22 Feb 2024 | Yixuan Ren, Yang Zhou, Jimei Yang, Jing Shi, Difan Liu, Feng Liu, Mingi Kwon, Abhinav Shrivastava
Customize-A-Video: One-Shot Motion Customization of Text-to-Video Diffusion Models
This paper proposes Customize-A-Video, a method for one-shot motion customization of text-to-video diffusion models. The method models motion from a single reference video and adapts it to new subjects and scenes with both spatial and temporal variations. It leverages low-rank adaptation (LoRA) on temporal attention layers to tailor the pre-trained T2V diffusion model for specific motion modeling from the reference videos. To disentangle spatial and temporal information during the training pipeline, a novel concept of appearance absorbers is introduced that detach the original appearance from the single reference video prior to motion learning.

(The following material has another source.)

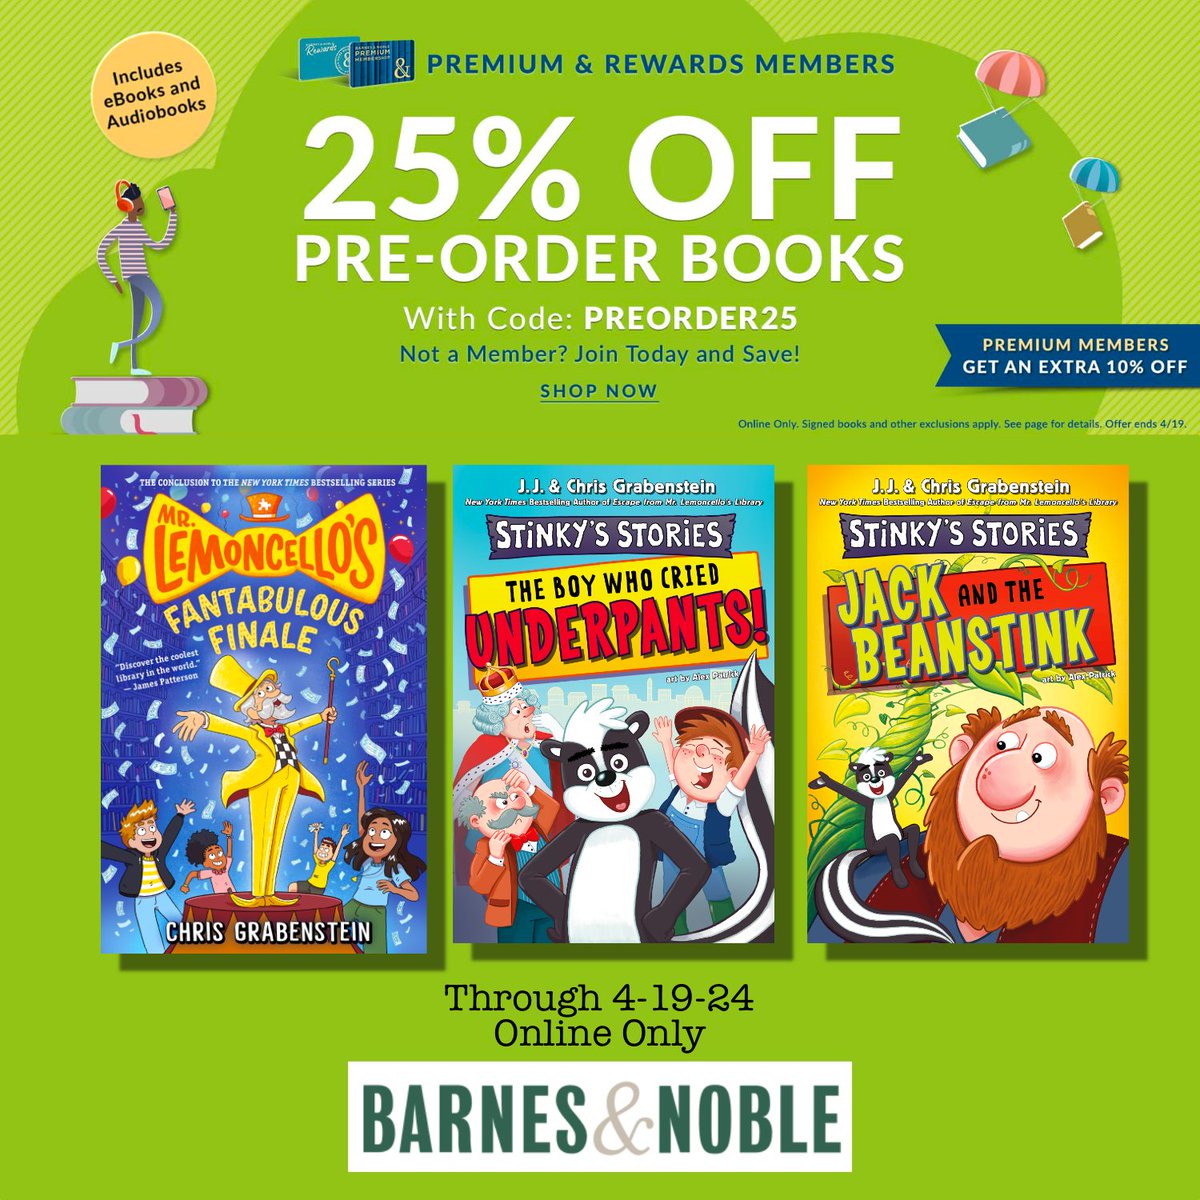 It's that time again. Now through Friday 4-19 only: Get 25% off when you order these upcoming Grabenstein titles online from B&N. Use code PREORDER25 at checkout. @barnesandnoble @randomhousekids @harperkids

The proposed method can be easily extended to various downstream tasks, including custom video generation and editing, video appearance customization, and multiple motion combination. The method introduces a Temporal LoRA (T-LoRA) module to learn the specific motion from a reference video, facilitating motion transfer with not only accuracy but also variety. A new Appearance Absorber module is also proposed to effectively decompose the spatial information, strategically excluding it from the motion customization process. The method features the plug-and-play nature and can be smoothly extended to multiple downstream applications.
The method is evaluated on multiple datasets and compared with existing methods. The results show that the proposed method achieves faithful and diverse videos compared to both per-frame video editing approaches and the base T2V model. The method is plug-and-play and supports various downstream tasks including precise video editing, video appearance customization and multiple motion combination.Customize-A-Video: One-Shot Motion Customization of Text-to-Video Diffusion Models
This paper proposes Customize-A-Video, a method for one-shot motion customization of text-to-video diffusion models. The method models motion from a single reference video and adapts it to new subjects and scenes with both spatial and temporal variations. It leverages low-rank adaptation (LoRA) on temporal attention layers to tailor the pre-trained T2V diffusion model for specific motion modeling from the reference videos. To disentangle spatial and temporal information during the training pipeline, a novel concept of appearance absorbers is introduced that detach the original appearance from the single reference video prior to motion learning.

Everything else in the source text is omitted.